**What you need to do:** The answer is an exact copy of the lines from the one with "How To Get To Calaguas Island" to the end of the listing below, pictures left out.

**Data block:**
=-=-=-=-=
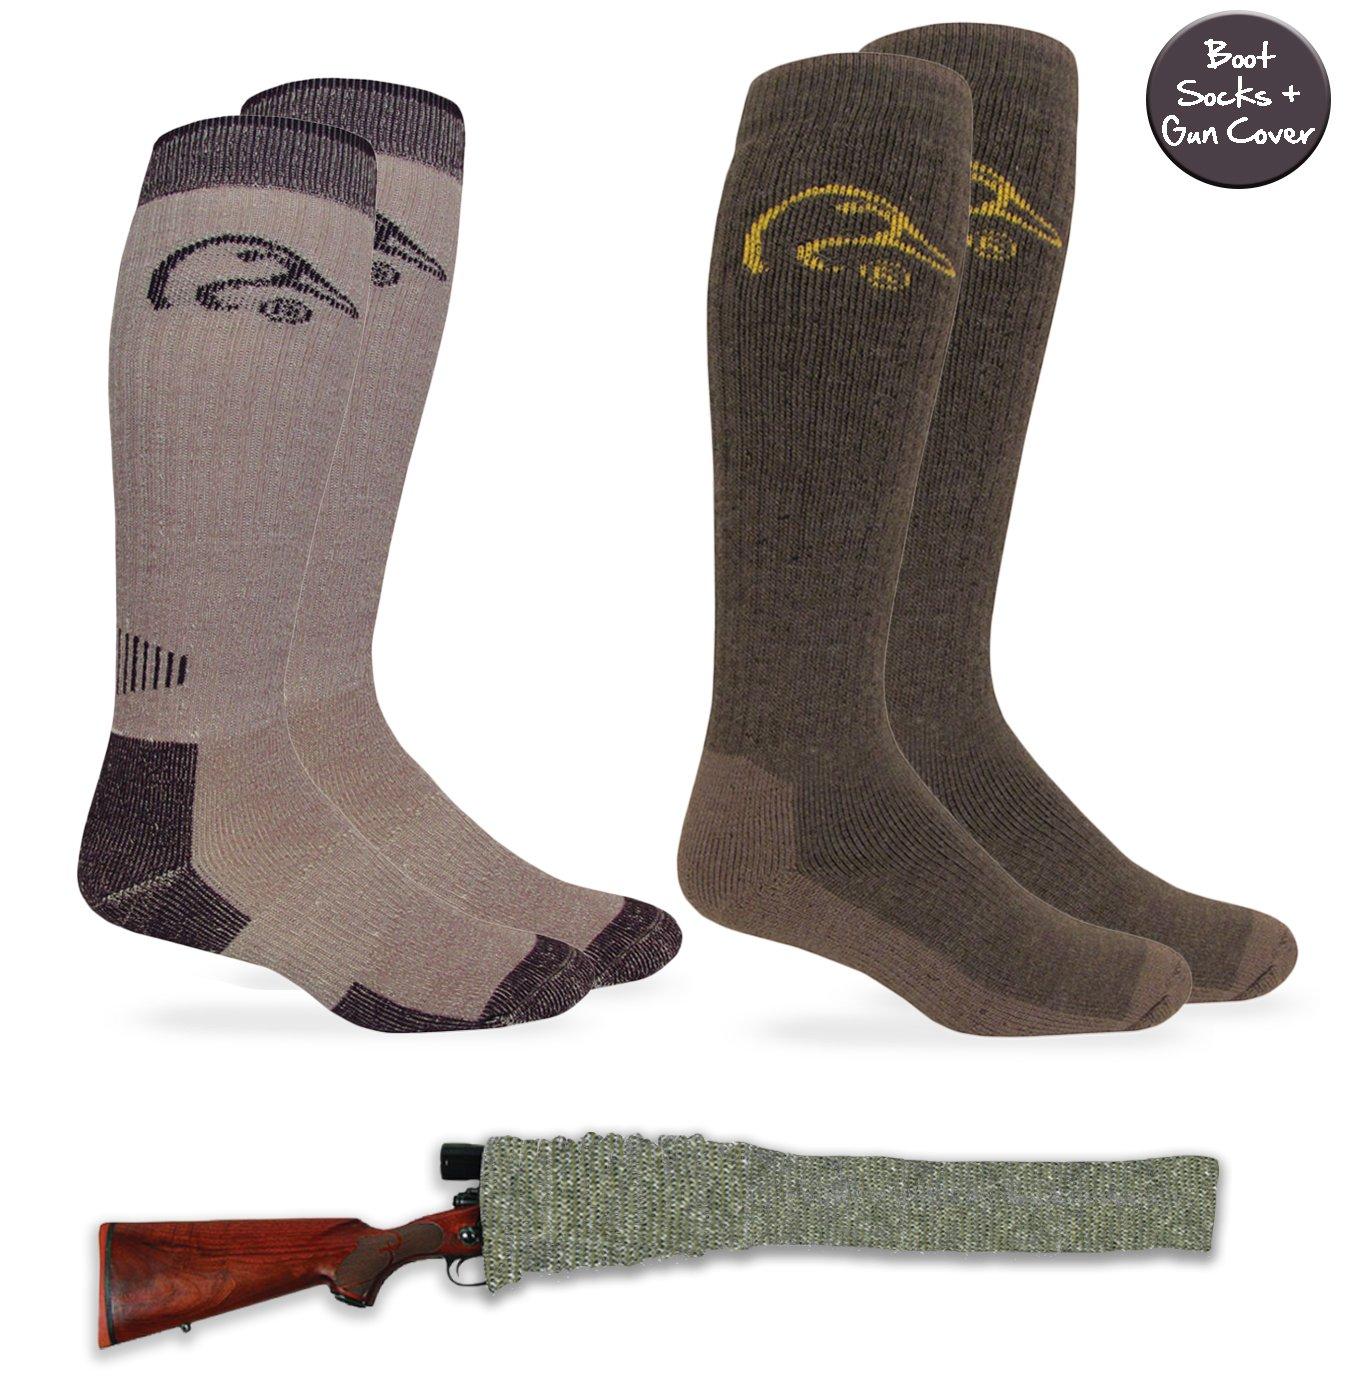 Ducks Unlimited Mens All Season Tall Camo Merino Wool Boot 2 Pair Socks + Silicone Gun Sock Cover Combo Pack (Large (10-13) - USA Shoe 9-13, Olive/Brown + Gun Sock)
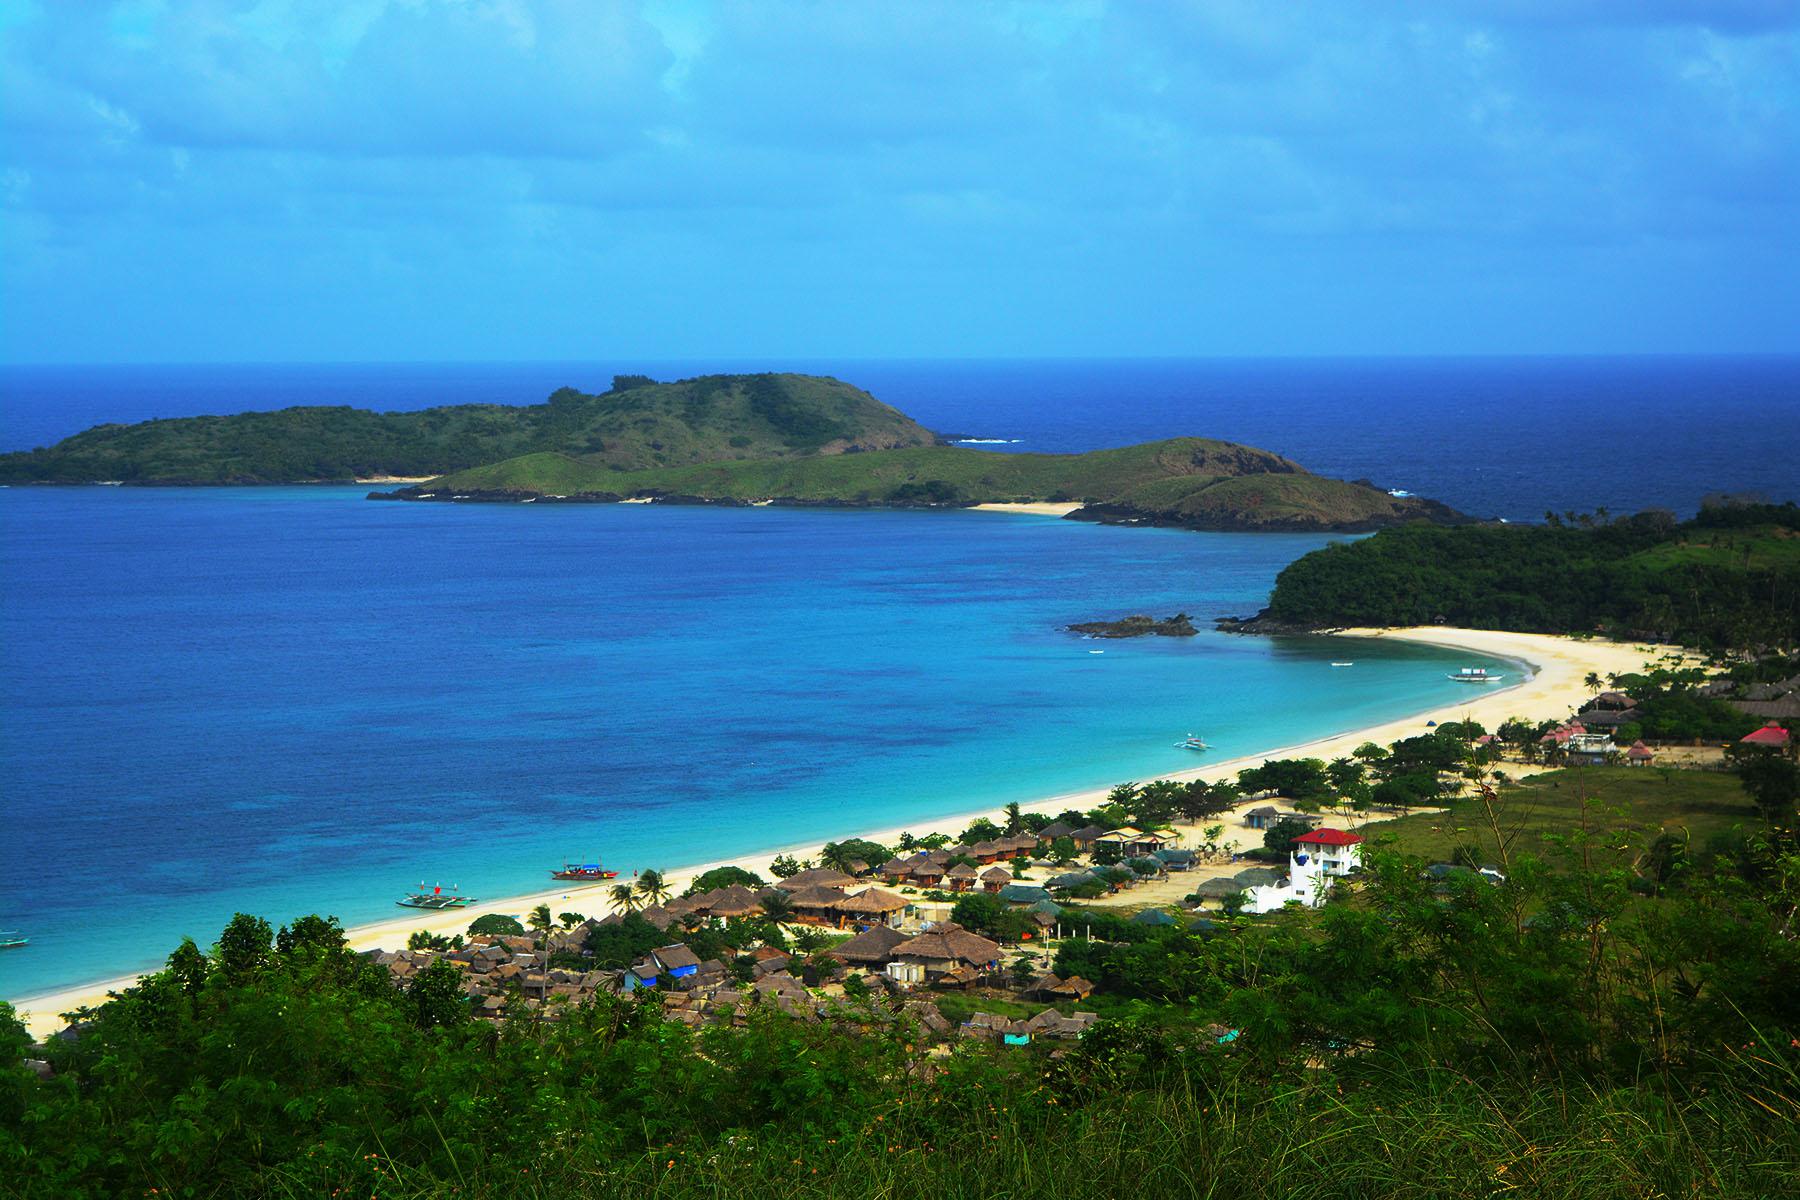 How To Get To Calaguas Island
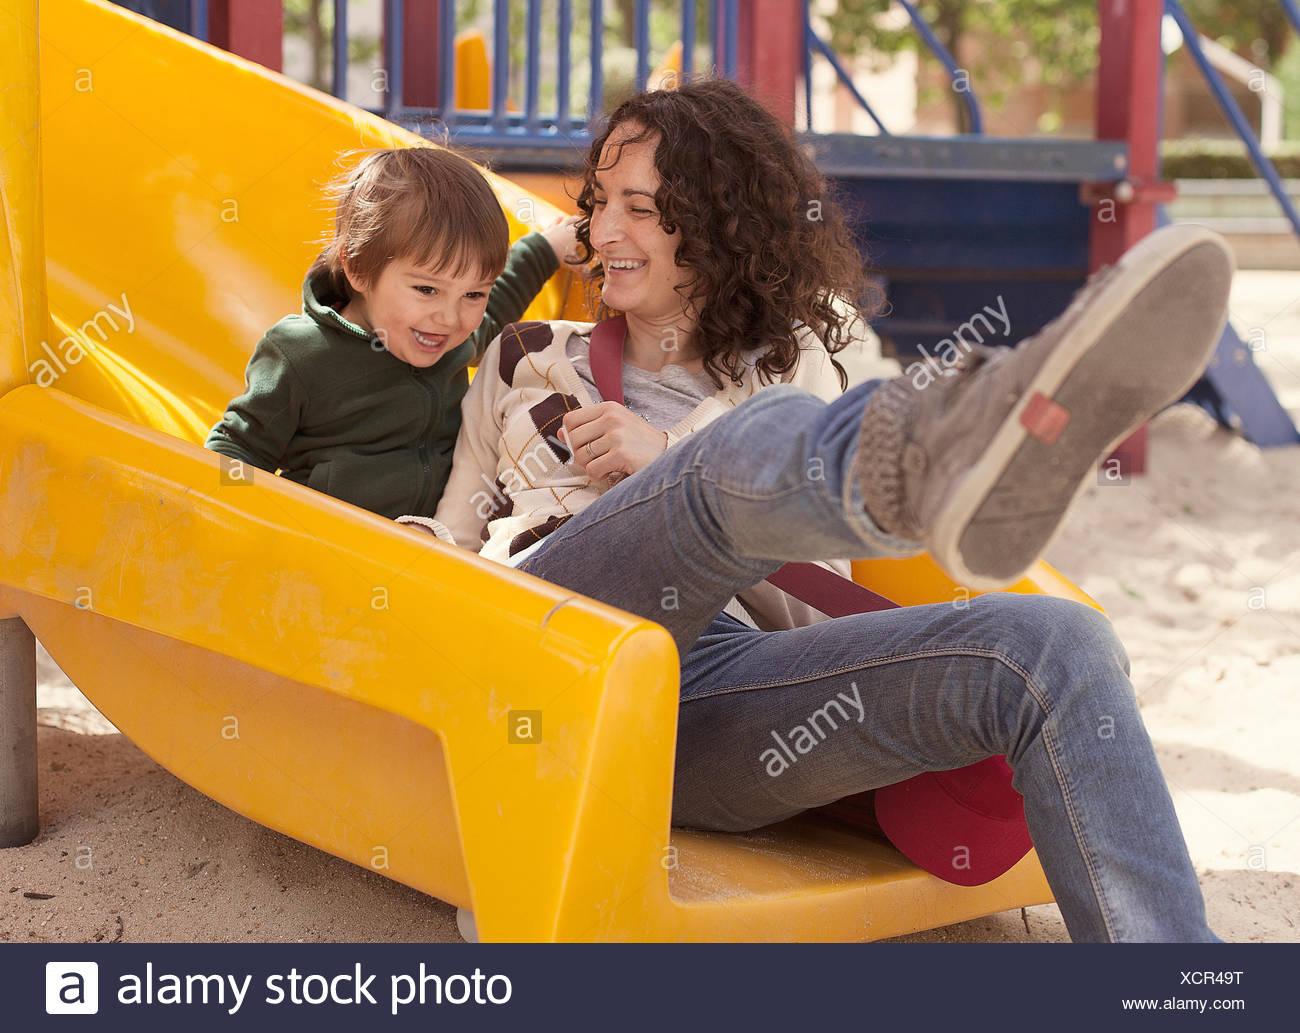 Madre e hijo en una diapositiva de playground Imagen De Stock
=-=-=-=-=
**Your response:**
 How To Get To Calaguas Island
 Madre e hijo en una diapositiva de playground Imagen De Stock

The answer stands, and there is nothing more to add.